ASAP1 gene polymorphisms are associated with susceptibility to tuberculosis in a Chinese Xinjiang Muslim population.

Seven single-nucleotide polymorphism (SNP) sites located in ASAP1 gene have been found associated with tuberculosis (TB) susceptibility by genome-wide association studies in Russia. The case-control study was carried out to test whether these seven SNPs were associated with susceptibility to TB in a Chinese Xinjiang Muslim population. The seven SNPs were genotyped in a case-control design that included 780 Xinjiang Muslim subjects (400 TB patients and 380 controls). Multiplex PCR and direct sequencing were used to detect ASAP1 gene polymorphisms. Hardy-Weinberg equilibrium test was performed to test whether the sample was from genetic equilibrium population. The associations of SNPs with TB risk were determined by the distributions of allelic frequencies and different genetic models. Significant differences of the allelic distribution of rs4733781 and rs1017281 in ASAP1 gene were observed between control group and TB group. A allele of rs4733781 was associated with TB risk (TB vs. control, OR=1.242; 95% CI: 1.004-1.537, P=0.046); While in rs1017281 site, G allele was associated with increased risk for TB (TB vs. control, OR: 0.792, 95% CI: 0.643-0.976, P=0.028). The recessive model of rs4733781 (CC vs. AC+AA) in Xinjiang Muslim populations was associated with a lower TB risk [P=0.003, OR=0.51 (0.324-0.802)], while the recessive model of rs1017281 (GG vs. AG+AA) was associated with a higher TB risk [P=0.011, OR=1.792 (1.135-2.828)]. Using case-control analysis, we identified that two genetic polymorphism sites in the ASAP1 relate to host susceptibility of TB in a Chinese Xinjiang Muslim population.

Introduction

Tuberculosis (TB) is one of the public health emergencies all over the world and severely affects human health. TB is especially epidemic in China, which accounted for 12% of the global total cases in 2012 (1). According to 2010 National Technical Steering Group of the Epidemiological Sampling Survey for TB, the weighted prevalence of active, smear-positive, bacteriological positive pulmonary TB were 459/100,000, 66/100,000, 119/100,000, respectively (2). The geographical distribution of TB prevalence presented that it was relatively low in the eastern parts and high in the western parts, and the prevalence rates of active pulmonary TB, Mycobacterium-positive pulmonary TB and smear-positive pulmonary TB in Xinjiang Uygur autonomous region were all higher than that in other provinces (3,4), which demonstrated that Xinjiang bore a heavy burden of TB.

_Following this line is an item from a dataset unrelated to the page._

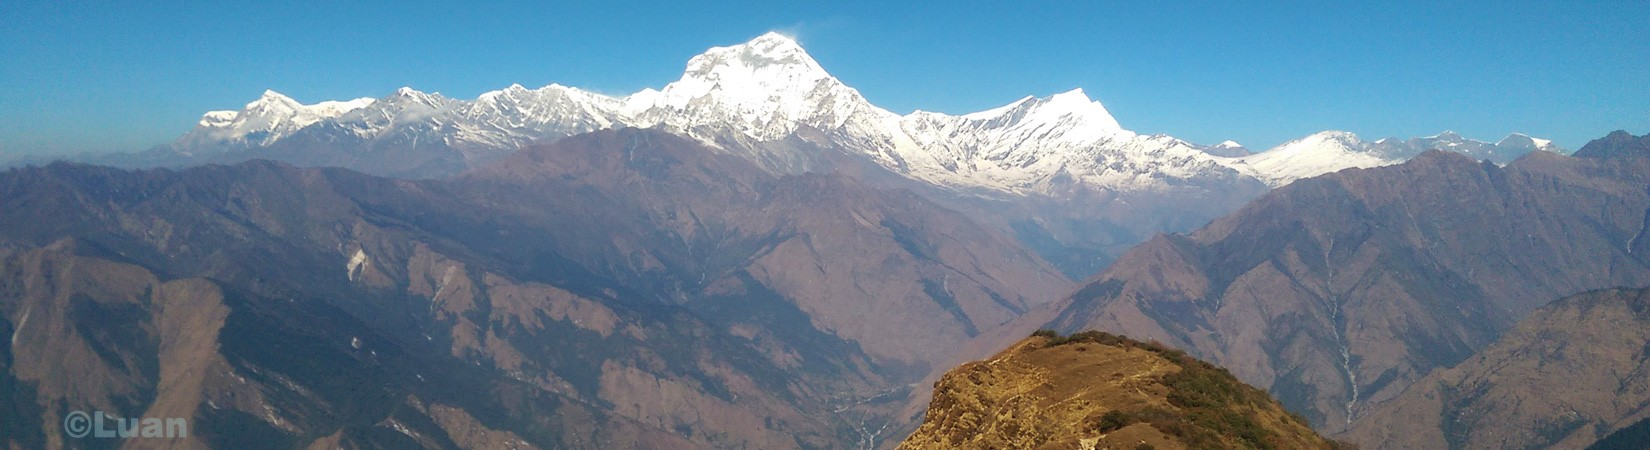 mt dhaulagiri from khopara ridge trekking

TB is caused by Mycobacterium tuberculosis (MTB), which has infected around a third of the world population (5), but only 10% of those infected progress to active disease in their lifetime, and up to 90% of infected people are asymptomatic with a latent infection (6). Susceptibility to TB varies between different people. Since 1890s, how genetic factors affect clinical outcomes with MTB infection was illustrated by a series of research. For example, several twin studies have found that concordance of TB was higher in monozygotic twins compared to dizygotic twins (7–9). Beyond that, adoption research, Genome-wide association studies, and case-control analysis have been performed to demonstrate that the associations between individual genetics and susceptibility to TB (10–12). These indicated that host genetic factors are important determinants of TB susceptibility.

The ASAP1 gene (known as AMAP1 or DDEF1), located at 8q24.1–8q24.2, encodes an Arf GTPase-activating protein (Arf GAP), which is a multifunctional scaffold protein that induces hydrolysis of GTP bound to the ADP ribosylation factor family GTP-binding (Arf) proteins (13–15). ASAP1 has been implicated in regulating cell motility and invasion (16,17). It was found to functionally link with the progression and metastasis of tumor cells, including ovary cancer (18), prostate cancer (19), and breast cancer (20,21). Curtis et al (14) found that the expression of ASAP1 gene in MTB-infected dendritic cells was dramatically reduced, which may impair DC migration, suggesting a potential mechanism that predisposes to TB.

Genome-wide association study is an effective way (9) to screen for the genes exerting the best population-wide impact on susceptibility to a multifactorial disease (22). By using this method, Curtis et al identified a novel ASAP1 gene which was associated with susceptibility to TB (14). Eleven single-nucleotide polymorphisms (SNP)s were identified with significant association with susceptibility to MTB (P<5×10−8). Seven out of the most significantly associated ASAP1 SNPs were individually genotyped to replicate their discovery, the most significant association was at rs4733781 (P=2.6×10−11). Then the associations between ASAP1 SNPs and susceptibility to MTB were studied in Chinese population, but not in Xinjiang minorities (23,24). As far as we know, it is the first study which explored association between ASAP1 SNPs and susceptibility to MTB in Xinjiang Muslim populations.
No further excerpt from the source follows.